WHAT THE EXERCISE ASKS >>
Please retype the records below exactly as they stand.
(RECORDS TO USE begins)
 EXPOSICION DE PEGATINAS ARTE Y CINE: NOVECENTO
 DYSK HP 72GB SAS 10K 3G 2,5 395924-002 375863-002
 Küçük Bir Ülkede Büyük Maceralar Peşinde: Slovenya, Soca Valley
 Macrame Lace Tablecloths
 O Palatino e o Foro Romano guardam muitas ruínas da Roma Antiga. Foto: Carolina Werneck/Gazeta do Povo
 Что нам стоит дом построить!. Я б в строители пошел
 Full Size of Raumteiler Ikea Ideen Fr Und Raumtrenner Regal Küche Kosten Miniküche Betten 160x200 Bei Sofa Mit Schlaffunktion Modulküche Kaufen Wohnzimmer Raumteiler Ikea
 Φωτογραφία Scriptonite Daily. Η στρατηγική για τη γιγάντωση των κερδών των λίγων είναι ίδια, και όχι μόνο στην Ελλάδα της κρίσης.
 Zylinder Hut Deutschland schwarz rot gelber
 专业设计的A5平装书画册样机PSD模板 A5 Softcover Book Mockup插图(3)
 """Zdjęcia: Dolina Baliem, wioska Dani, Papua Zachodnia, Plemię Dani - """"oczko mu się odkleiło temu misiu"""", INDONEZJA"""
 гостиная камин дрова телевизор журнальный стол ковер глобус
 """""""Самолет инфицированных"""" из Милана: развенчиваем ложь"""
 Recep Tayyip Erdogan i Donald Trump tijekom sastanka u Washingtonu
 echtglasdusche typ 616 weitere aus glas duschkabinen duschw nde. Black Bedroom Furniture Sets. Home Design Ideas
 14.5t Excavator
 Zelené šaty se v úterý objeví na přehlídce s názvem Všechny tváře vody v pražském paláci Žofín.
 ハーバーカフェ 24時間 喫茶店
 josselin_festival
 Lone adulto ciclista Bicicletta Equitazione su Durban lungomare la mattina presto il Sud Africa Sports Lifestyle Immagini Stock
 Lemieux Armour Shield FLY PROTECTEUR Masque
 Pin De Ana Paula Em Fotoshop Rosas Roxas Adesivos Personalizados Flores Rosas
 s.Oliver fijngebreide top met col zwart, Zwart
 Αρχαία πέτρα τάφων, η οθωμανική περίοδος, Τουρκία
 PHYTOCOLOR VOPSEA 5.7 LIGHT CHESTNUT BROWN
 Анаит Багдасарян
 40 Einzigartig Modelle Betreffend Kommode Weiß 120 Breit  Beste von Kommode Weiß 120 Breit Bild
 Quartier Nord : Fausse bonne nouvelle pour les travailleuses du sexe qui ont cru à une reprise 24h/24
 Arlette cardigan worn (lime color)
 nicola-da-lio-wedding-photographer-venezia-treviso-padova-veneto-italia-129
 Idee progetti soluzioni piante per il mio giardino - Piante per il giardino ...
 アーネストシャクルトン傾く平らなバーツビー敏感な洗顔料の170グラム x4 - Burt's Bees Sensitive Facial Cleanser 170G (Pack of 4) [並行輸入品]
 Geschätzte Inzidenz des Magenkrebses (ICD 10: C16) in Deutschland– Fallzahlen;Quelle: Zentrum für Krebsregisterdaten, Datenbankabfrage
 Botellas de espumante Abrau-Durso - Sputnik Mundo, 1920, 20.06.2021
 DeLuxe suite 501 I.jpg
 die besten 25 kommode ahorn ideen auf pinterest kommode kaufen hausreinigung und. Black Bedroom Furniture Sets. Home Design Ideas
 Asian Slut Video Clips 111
(RECORDS TO USE ends)
SOLVED PROBLEM >>
 EXPOSICION DE PEGATINAS ARTE Y CINE: NOVECENTO
 DYSK HP 72GB SAS 10K 3G 2,5 395924-002 375863-002
 Küçük Bir Ülkede Büyük Maceralar Peşinde: Slovenya, Soca Valley
 Macrame Lace Tablecloths
 O Palatino e o Foro Romano guardam muitas ruínas da Roma Antiga. Foto: Carolina Werneck/Gazeta do Povo
 Что нам стоит дом построить!. Я б в строители пошел
 Full Size of Raumteiler Ikea Ideen Fr Und Raumtrenner Regal Küche Kosten Miniküche Betten 160x200 Bei Sofa Mit Schlaffunktion Modulküche Kaufen Wohnzimmer Raumteiler Ikea
 Φωτογραφία Scriptonite Daily. Η στρατηγική για τη γιγάντωση των κερδών των λίγων είναι ίδια, και όχι μόνο στην Ελλάδα της κρίσης.
 Zylinder Hut Deutschland schwarz rot gelber
 专业设计的A5平装书画册样机PSD模板 A5 Softcover Book Mockup插图(3)
 """Zdjęcia: Dolina Baliem, wioska Dani, Papua Zachodnia, Plemię Dani - """"oczko mu się odkleiło temu misiu"""", INDONEZJA"""
 гостиная камин дрова телевизор журнальный стол ковер глобус
 """""""Самолет инфицированных"""" из Милана: развенчиваем ложь"""
 Recep Tayyip Erdogan i Donald Trump tijekom sastanka u Washingtonu
 echtglasdusche typ 616 weitere aus glas duschkabinen duschw nde. Black Bedroom Furniture Sets. Home Design Ideas
 14.5t Excavator
 Zelené šaty se v úterý objeví na přehlídce s názvem Všechny tváře vody v pražském paláci Žofín.
 ハーバーカフェ 24時間 喫茶店
 josselin_festival
 Lone adulto ciclista Bicicletta Equitazione su Durban lungomare la mattina presto il Sud Africa Sports Lifestyle Immagini Stock
 Lemieux Armour Shield FLY PROTECTEUR Masque
 Pin De Ana Paula Em Fotoshop Rosas Roxas Adesivos Personalizados Flores Rosas
 s.Oliver fijngebreide top met col zwart, Zwart
 Αρχαία πέτρα τάφων, η οθωμανική περίοδος, Τουρκία
 PHYTOCOLOR VOPSEA 5.7 LIGHT CHESTNUT BROWN
 Анаит Багдасарян
 40 Einzigartig Modelle Betreffend Kommode Weiß 120 Breit  Beste von Kommode Weiß 120 Breit Bild
 Quartier Nord : Fausse bonne nouvelle pour les travailleuses du sexe qui ont cru à une reprise 24h/24
 Arlette cardigan worn (lime color)
 nicola-da-lio-wedding-photographer-venezia-treviso-padova-veneto-italia-129
 Idee progetti soluzioni piante per il mio giardino - Piante per il giardino ...
 アーネストシャクルトン傾く平らなバーツビー敏感な洗顔料の170グラム x4 - Burt's Bees Sensitive Facial Cleanser 170G (Pack of 4) [並行輸入品]
 Geschätzte Inzidenz des Magenkrebses (ICD 10: C16) in Deutschland– Fallzahlen;Quelle: Zentrum für Krebsregisterdaten, Datenbankabfrage
 Botellas de espumante Abrau-Durso - Sputnik Mundo, 1920, 20.06.2021
 DeLuxe suite 501 I.jpg
 die besten 25 kommode ahorn ideen auf pinterest kommode kaufen hausreinigung und. Black Bedroom Furniture Sets. Home Design Ideas
 Asian Slut Video Clips 111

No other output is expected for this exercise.